[Start of section]
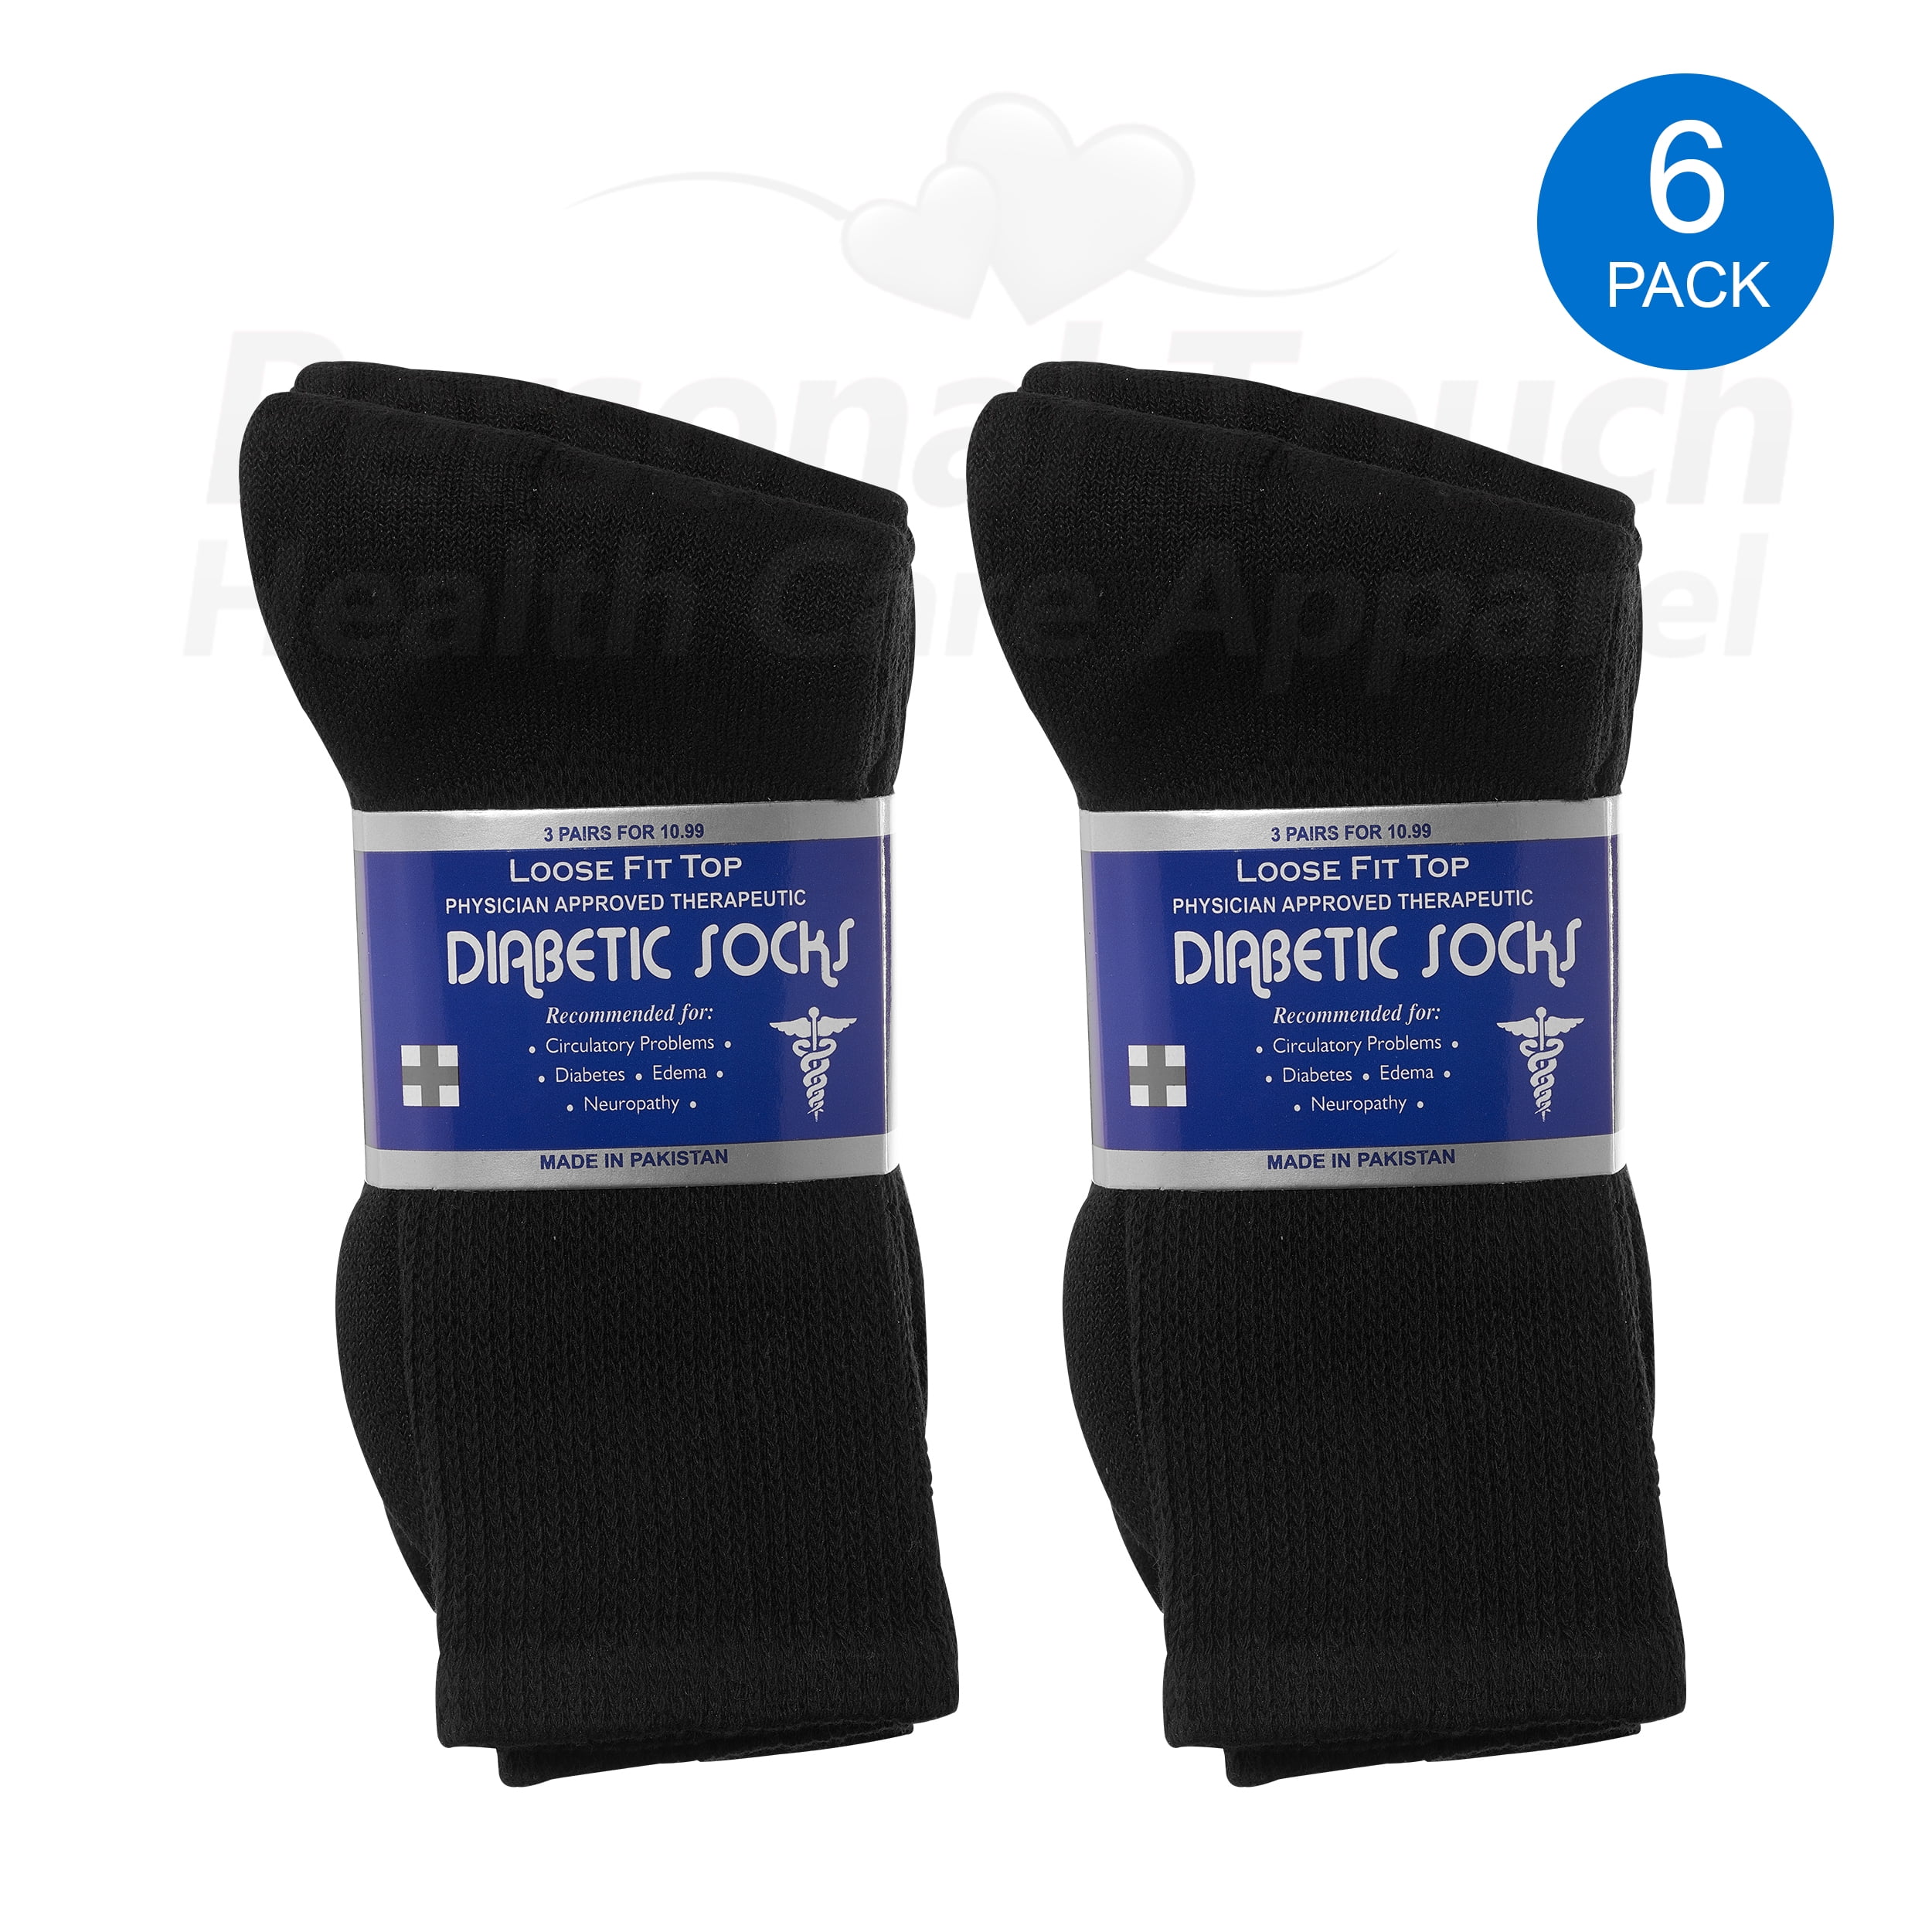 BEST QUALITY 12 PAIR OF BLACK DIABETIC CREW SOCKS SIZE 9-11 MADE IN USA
[End of section]
[Start of section]
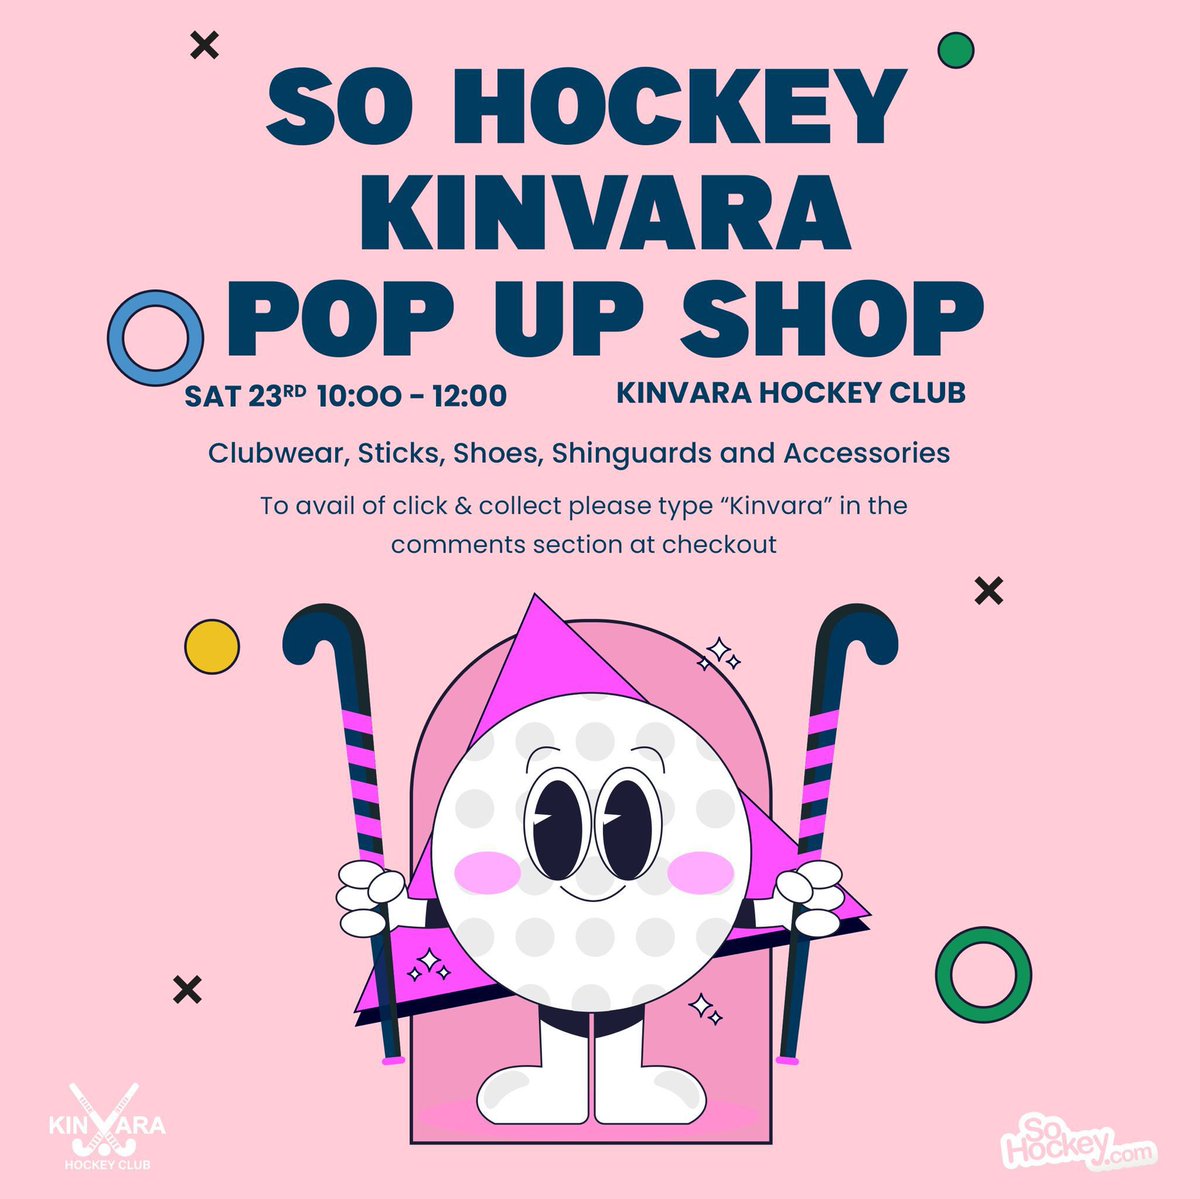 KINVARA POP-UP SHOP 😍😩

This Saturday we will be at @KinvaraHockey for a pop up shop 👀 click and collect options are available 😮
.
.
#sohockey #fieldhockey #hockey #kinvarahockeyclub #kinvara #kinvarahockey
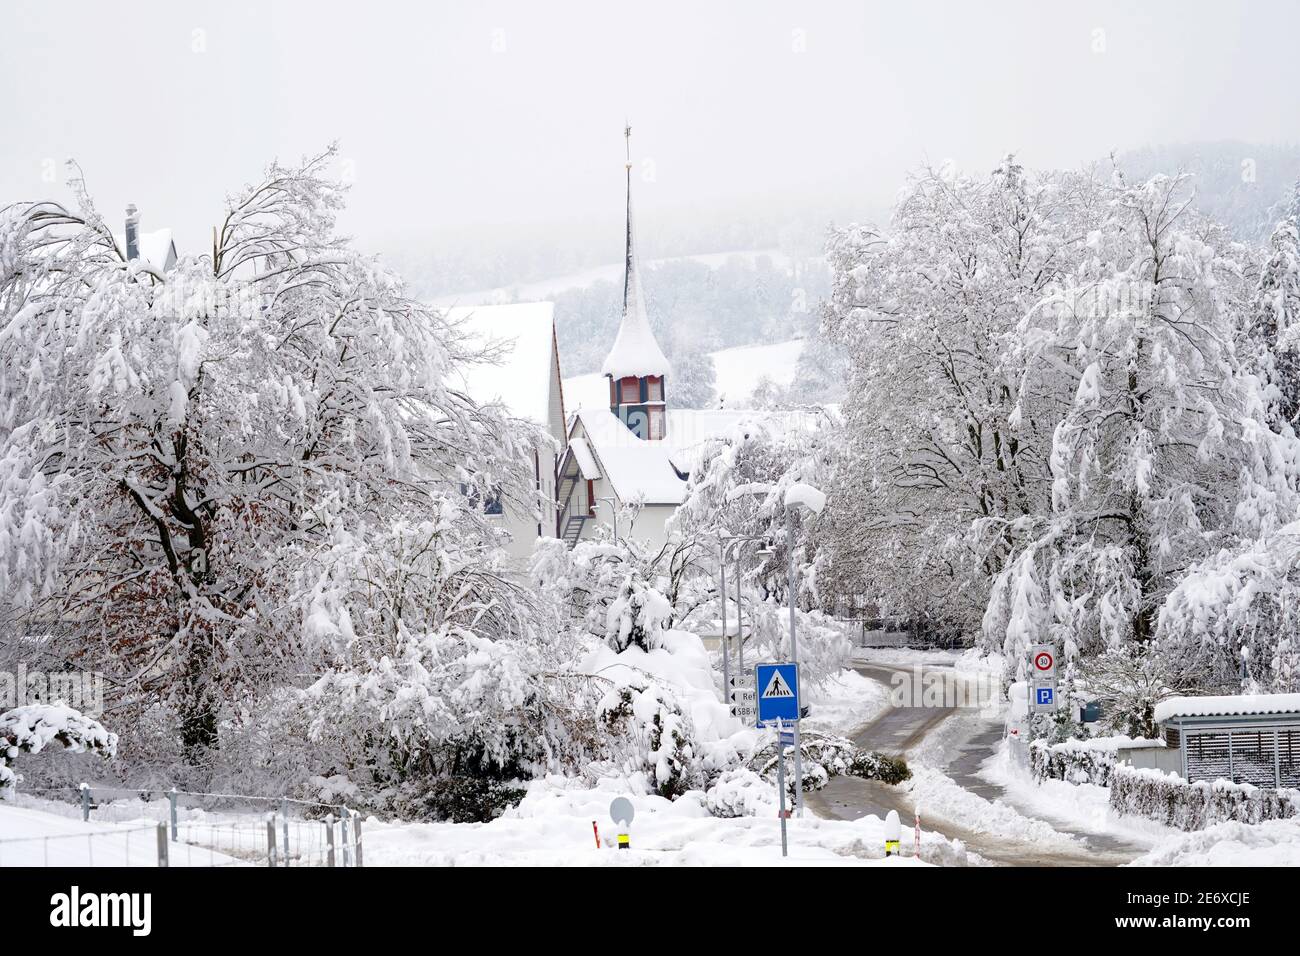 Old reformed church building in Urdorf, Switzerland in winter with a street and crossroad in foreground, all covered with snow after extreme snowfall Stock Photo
[End of section]
Look above for the line with "KINVARA POP-UP SHOP 😍😩" and the line with "Old reformed church", then copy them and all lines in between exactly as written, and only those, without any pictures.

• _EXPECTED OUTPUT_:
 KINVARA POP-UP SHOP 😍😩

This Saturday we will be at @KinvaraHockey for a pop up shop 👀 click and collect options are available 😮
.
.
#sohockey #fieldhockey #hockey #kinvarahockeyclub #kinvara #kinvarahockey
 Old reformed church building in Urdorf, Switzerland in winter with a street and crossroad in foreground, all covered with snow after extreme snowfall Stock Photo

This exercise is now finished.